# Katies House : Febuary 2014



## Mars Lander

Good day fellow explorers, peepers and lurkers.

Getting a tight close knit team or crew, who you can trust is a valueable commodity in this day and age. Sshhhh... and I have been lucky in meeting and finding all kinds of explorers and made some fantastic friends. Friends that if it wasn't for exploring related pursuits, we might never have even met.

One of which had an amazing tip off from none other than his 9 year old daughter Katey. I don't think he or us were prepared for what we were soon about to see.

Ladies and Gentleman come with us as we explore...







The external does hint and yet also takes away what one might expect to find within.

A rather unkempt and sorry looking fox skulks past us and into the nearby undergrowth and watches us intently, as we also watch out for the dog patrols etc.

No externals from me again on this _virgin_ explore as they always give too much away.

Within moments of entering we see this most curios and engaging of stairwells.






None of us had small change for small talk on the phone, to elucidate our loved ones the exact nature of our day and what we were seeing, so we pressed on and in.

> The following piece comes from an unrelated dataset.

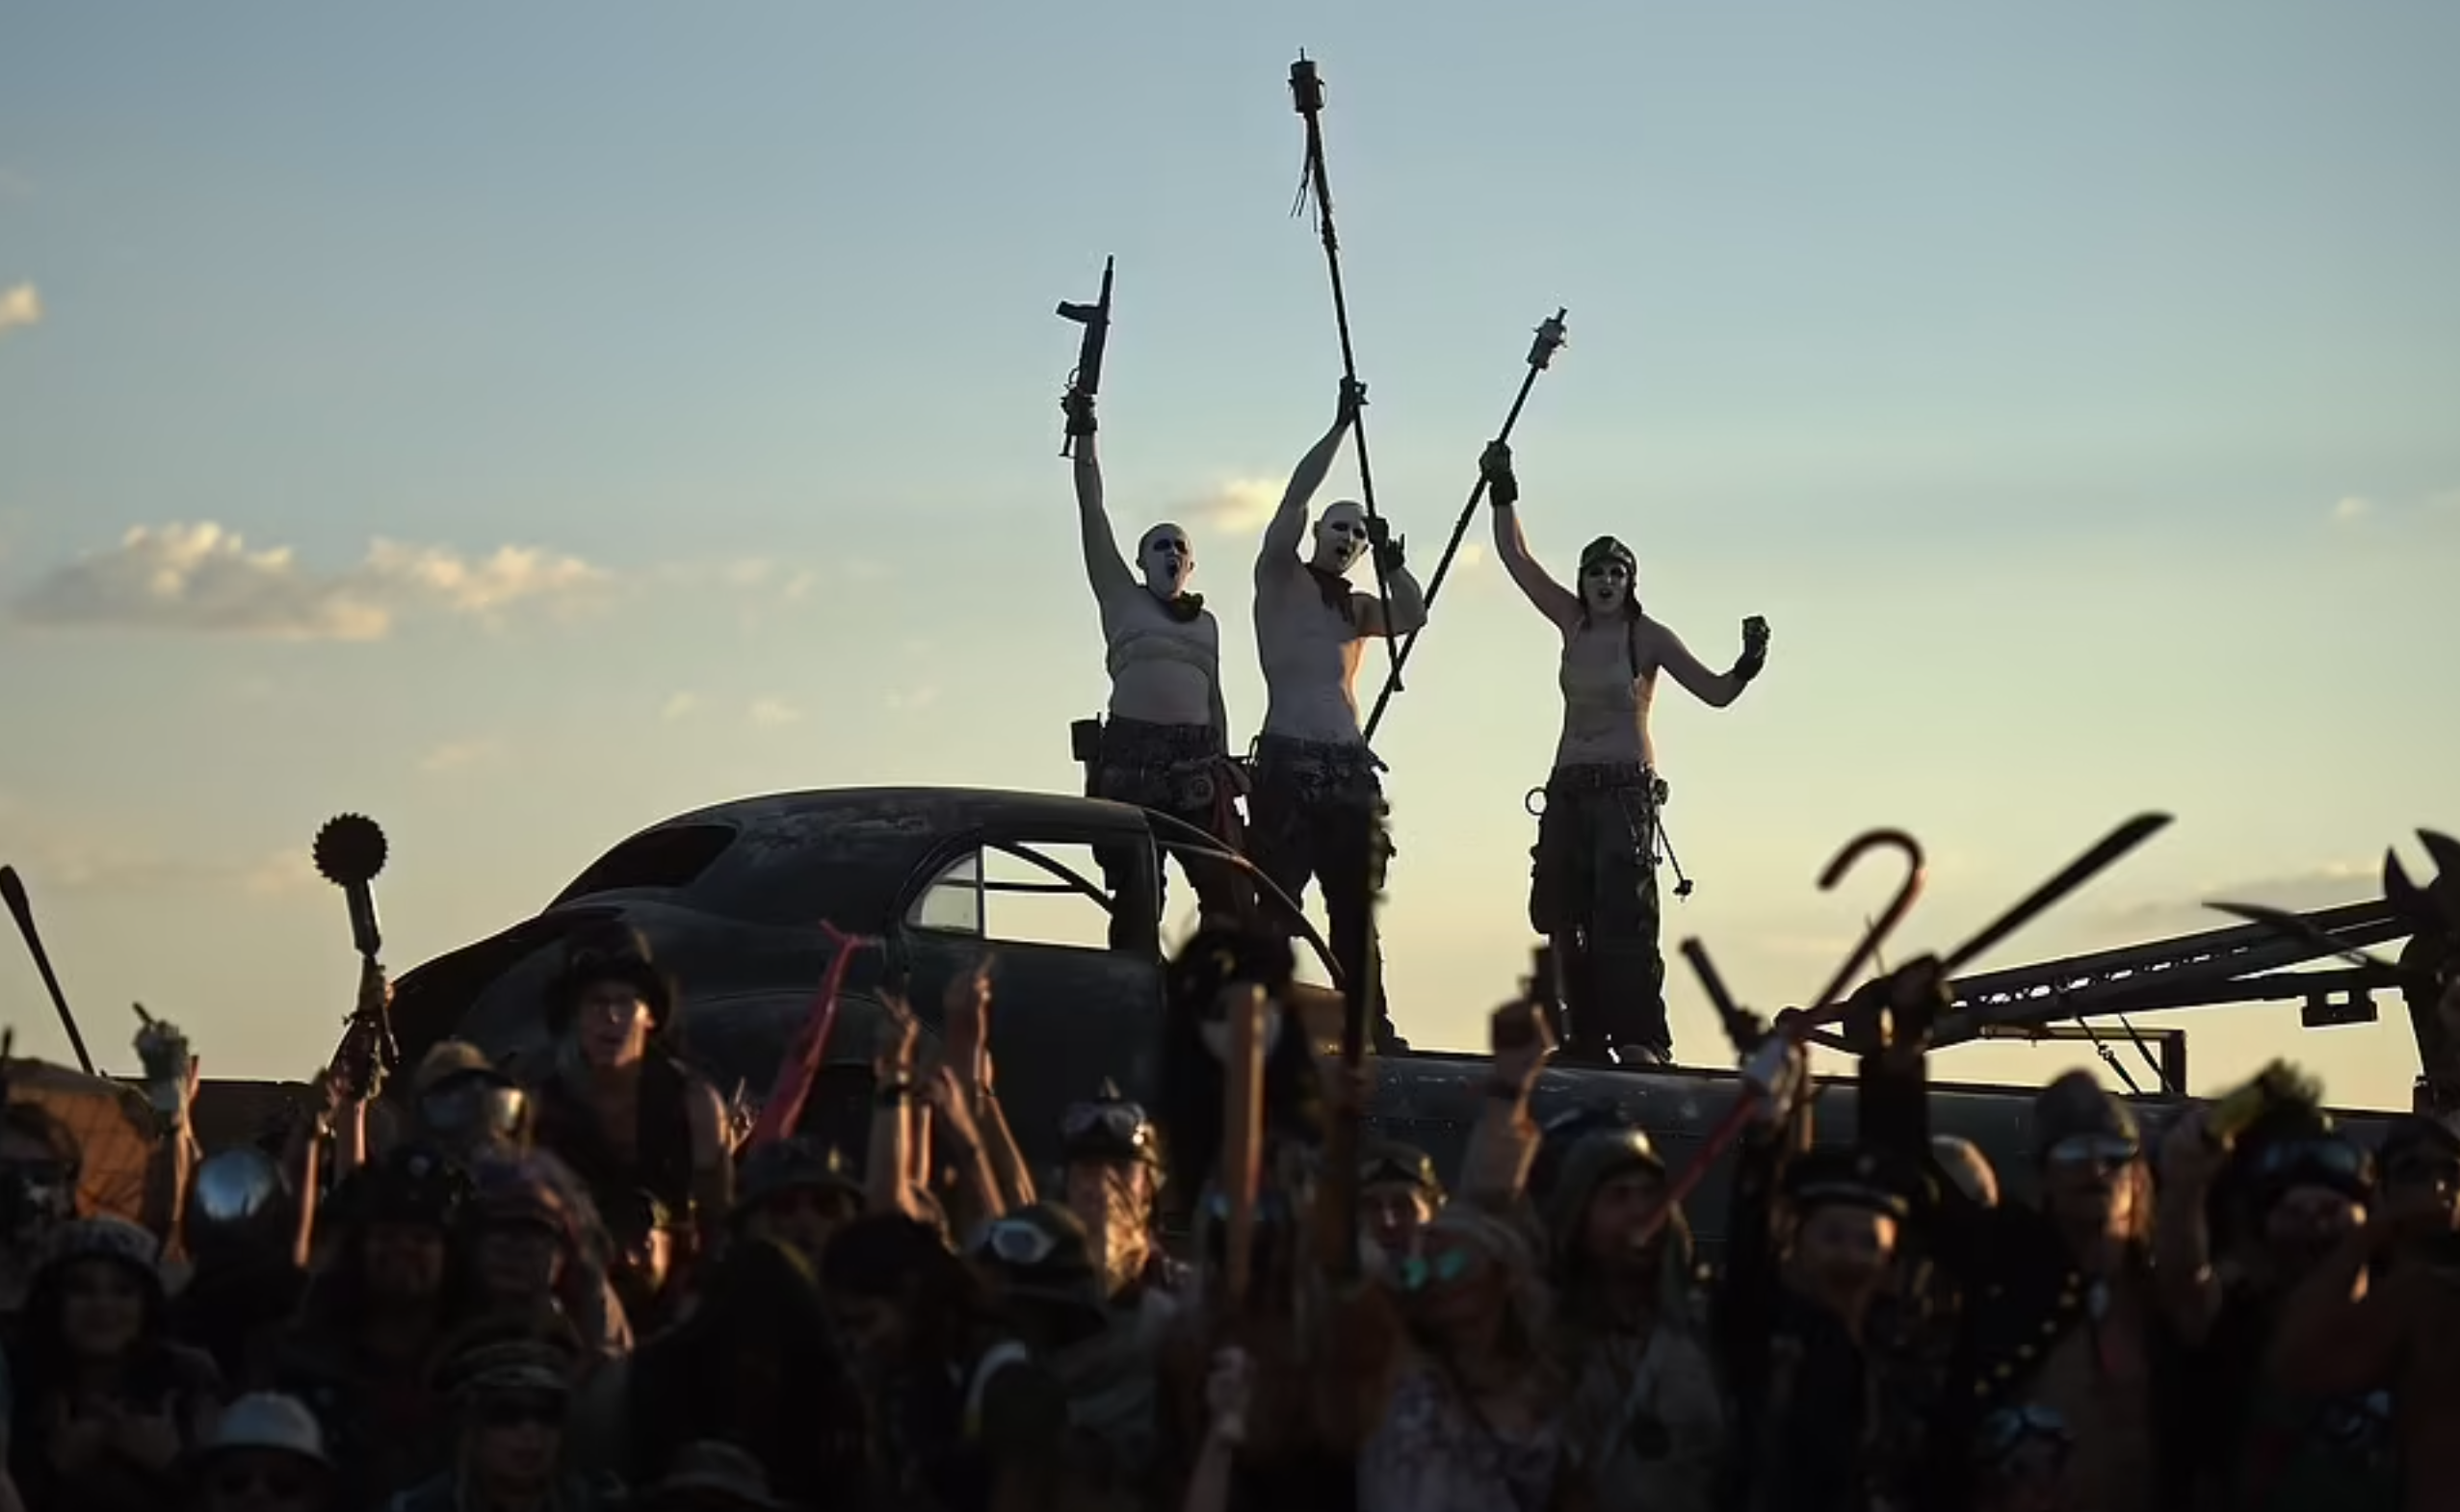 pictures from wasteland weekend - - crowd of people on top of a car

These stairs go all the way to the top but then again don't they all? Where these differ from your usual grand manorisms is the fabulous ornamental panellings with their unique textured pattern inlays






Into the hall and we are pretty taken aback , this place is going to be ...._special_.






A quick nip into the cellar and a rare detail shot from me. This time using a vintage 29mm m42 lens as opposed to my usual choice of a 50mm Meyer Optik Gorlitz. Which is such a discipline and akin to using a telescope in a matchbox to me. As being more accustomed to the joys of various 'wangles. Anyhow this blast from the past 1952 NCB certificate was superb I thought and quite at odds with the house in general.






Then we saw ....






What can I say.. just astounding really.






With zero chavvery this place was the business, I keep hearing constantly get to Euro-land , there's nothing left to explore in the UK. I don't know what else is out there but we are determined to squeeze every last drop out of the British explores and we aren't going to run dry anytime soon. A constant belief that there is gold out there prevails.






What more could you want on an explore, chandeliers and cobwebs, wood panelling and decay, desks and dust, paintings on the wall of ancestors and fungi , well didn't see that but some of them could of been 






Loose artefacts are a little thin on the ground but not completely devoid thereof






and no connection to each other , a composition of the absurd , who would brush with a glass cutter? I know, that big _gollof_ with metal teeth gnashers from "Moonraker" 'Jaws'






Before we go upstairs and is usally the case in these_ 'modest' _abodes nowhere near as grand as the downstairs, take a look at this absolute rarity and beauty. A blue, octagon shaped room...if this room was a song it most certainly would be "White Rabbit" with added Absynthe.






How many pianos does one need, Dear lady!.






One of our party once informed of the possible grandeur within, came suitably dressed to be a temporay Lord of the manor for the day, complete with smoking hat and a fine calabash. Meet Lord Grey Beard the III






Its not till I got home and looked at this magnificent Kite ceilinged room, that I saw that the door I had come through was of the secret variety, you can just see it, slightly ajar in the right hand corner.






Another keyboard . what the absolute blazes! It would of been even better if it came out the floor on a little lift complete with some naked organists ala "Monty Python" styleeeee.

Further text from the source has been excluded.